As governor, Romney had no trouble with putting his need to find new revenues ahead of the long-standing conservative philosophy that tax increases impede job growth, instead of making the necessary decisions to cut spending and reduce the size of government. Michael Barbaro writes in the New York Times last October:
Much of the business community in Massachusetts was puzzled. Mitt Romney, a Republican with high-caliber corporate credentials, had run for governor pledging to sweep aside barriers to business and act as the state's "top salesman."
But just a few months after Mr. Romney took office in 2003, what he delivered seemed anything but friendly to the C.E.O. crowd: a bill to financial firms for what they saw as $110 million in new corporate taxes — and a promise of more to come.
For the next three years, the Romney administration relentlessly scoured the tax code for more loopholes, extracting hundreds of millions of corporate dollars to help close budget gaps in a state with a struggling economy.
Today Mr. Romney rarely, if ever, discusses on the campaign trail how he closed the Massachusetts tax loopholes. There is no proud description of them in his two books, even though many lawmakers in the state consider them a rare show of political courage.
The Democratic-controlled Legislature, which had assumed that Mr. Romney was cozy with the state's corporate executives, was both taken aback and thrilled by the onslaught.
To many chief executives and business groups, it showed something else: a curious insensitivity to the needs of corporations and a willingness to squeeze as much money as possible out of a politically convenient target.
By the end of Mr. Romney's term, the loophole measures required companies to pay about $370 million a year in additional taxes, a nearly 20 percent increase from the period before he took office, according to an analysis of government data by the Massachusetts Taxpayers Foundation, a nonprofit research group that receives financing from corporations.
The impact of closing the loopholes, which produced a relatively small fraction of state revenues, is an open question. "It cost us jobs," said David G. Tuerck, an economist at Suffolk University in Boston, though others say that is difficult to measure and subject to debate. During Mr. Romney's tenure, Massachusetts ranked near the bottom — 47th out of 50 states — in new job creation.
In a 2005 newsletter, the Council on State Taxation, which represents businesses, mocked "the allegedly pro-business" Mr. Romney for trying to "firmly reclaim for the commonwealth the dubious title of Taxachusetts."

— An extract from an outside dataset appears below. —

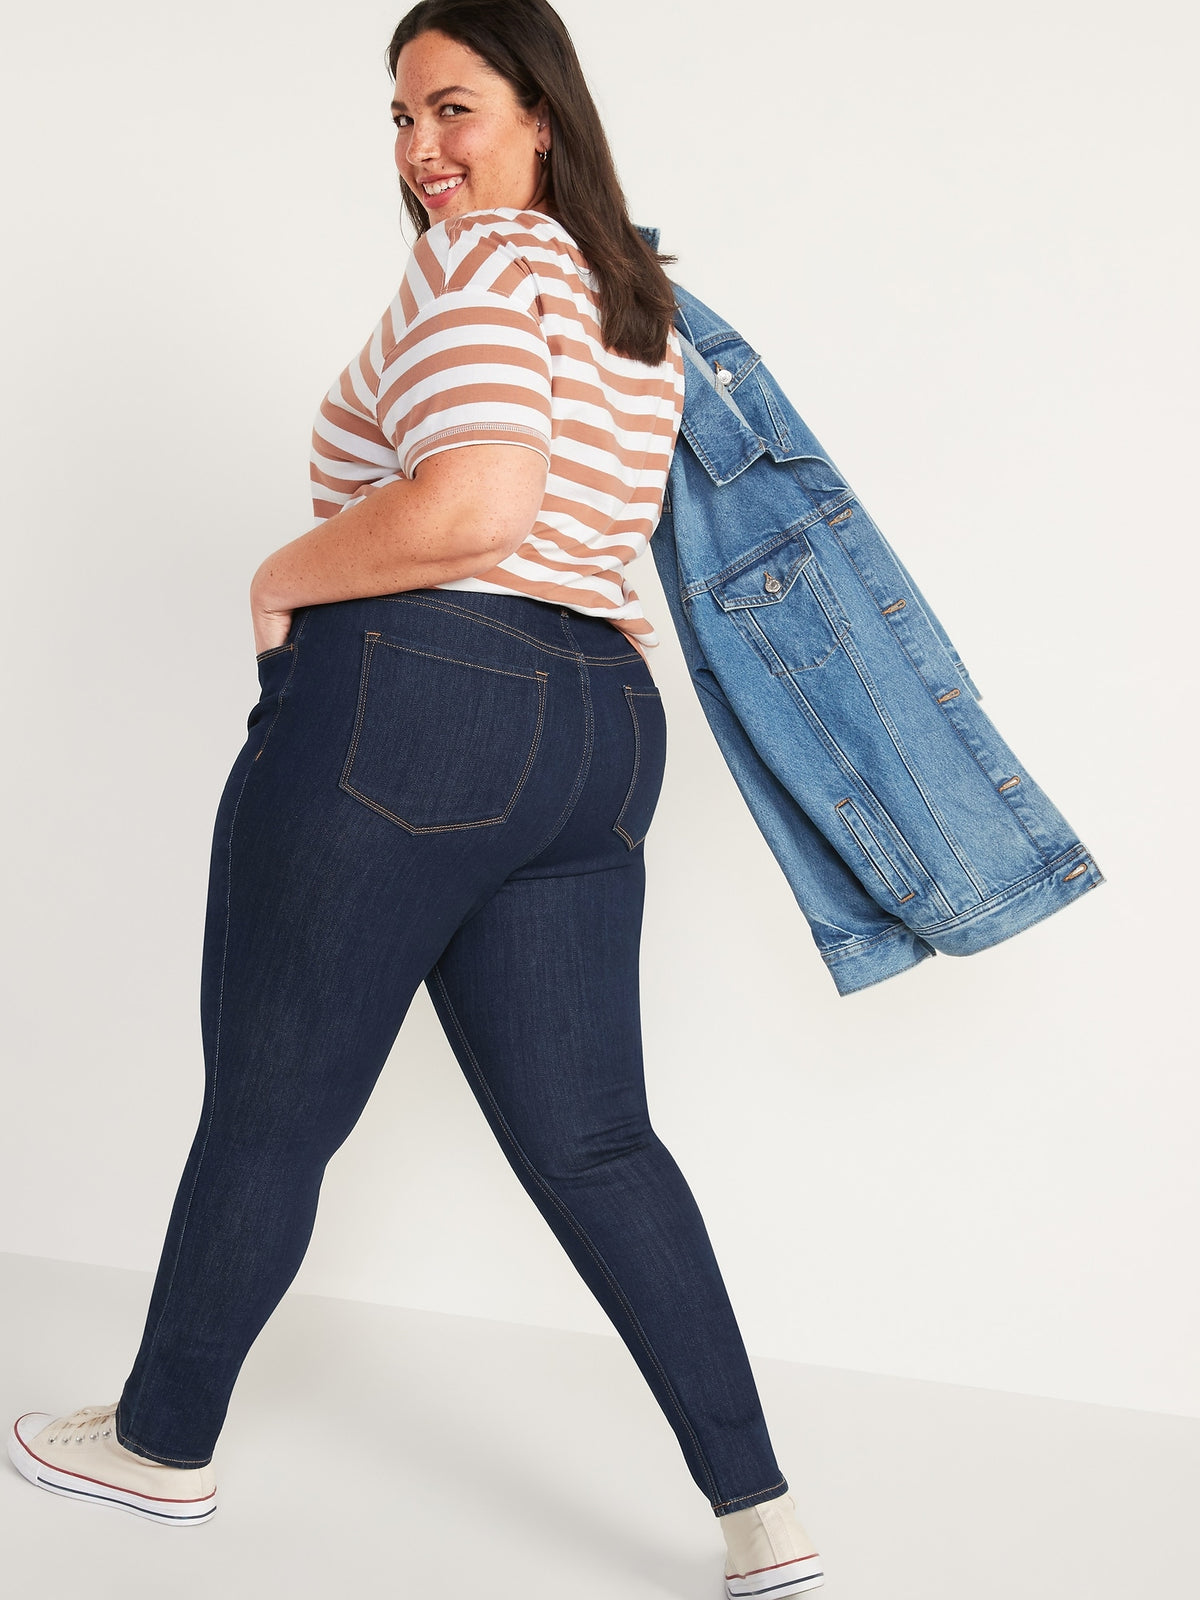 High-Waisted Dark-Wash Super Skinny Jeans for Women - Old Navy Philippines

Massachusetts' business tax climate ranked 36th in the nation at the start of fiscal year 2007, according to the Tax Foundation. Specifically, the corporate tax index component of the state's business tax climate was ranked 47th in the country, ahead of only Delaware, New Hampshire, and Michigan.

Anti-tax advocates, like the Cato Institute, the Massachusetts Taxpayers Foundation, the National Taxpayers Union, and Citizens for Limited Taxation, did not see evidence that Romney was a tax cutter.
Cato found that Romney increased annual state fees by $500 million as governor and proposed two corporate tax increases totaling close to $400 million a year.
"Romney's people are trying to spin this by saying he kept his 'No new taxes' pledge," said Stephen Slivinski, director of budget studies at Cato. "I guess if you consider only personal income taxes and sales taxes, he's within bounds. If you take a broader view, he is not.
"The spirit of [anti-tax pledges] is to force governors to find more innovative ways of funding government," he added. "If the spirit is to save money before you increase revenues, I don't think Romney has held to the spirit of the no-new-tax pledge."
John Berthoud, president of the National Taxpayers Union, retorted, "Closing tax loopholes and not cutting rates concurrently — that's a tax increase. The loopholes business is sometimes patina to make it seem like it's not really an increase."

The Club for Growth, who is also committed to lower tax rates that encourage greater economic growth, notes that Romney "had a mixed record on taxes."
While it is true that Governor Romney did not impose any broad-based tax hikes despite pressure from liberal special interests and an inherited budget deficit, he imposed a slew of fee hikes and tax "loophole" closures, together with spending cuts, in order to eliminate the budget gap.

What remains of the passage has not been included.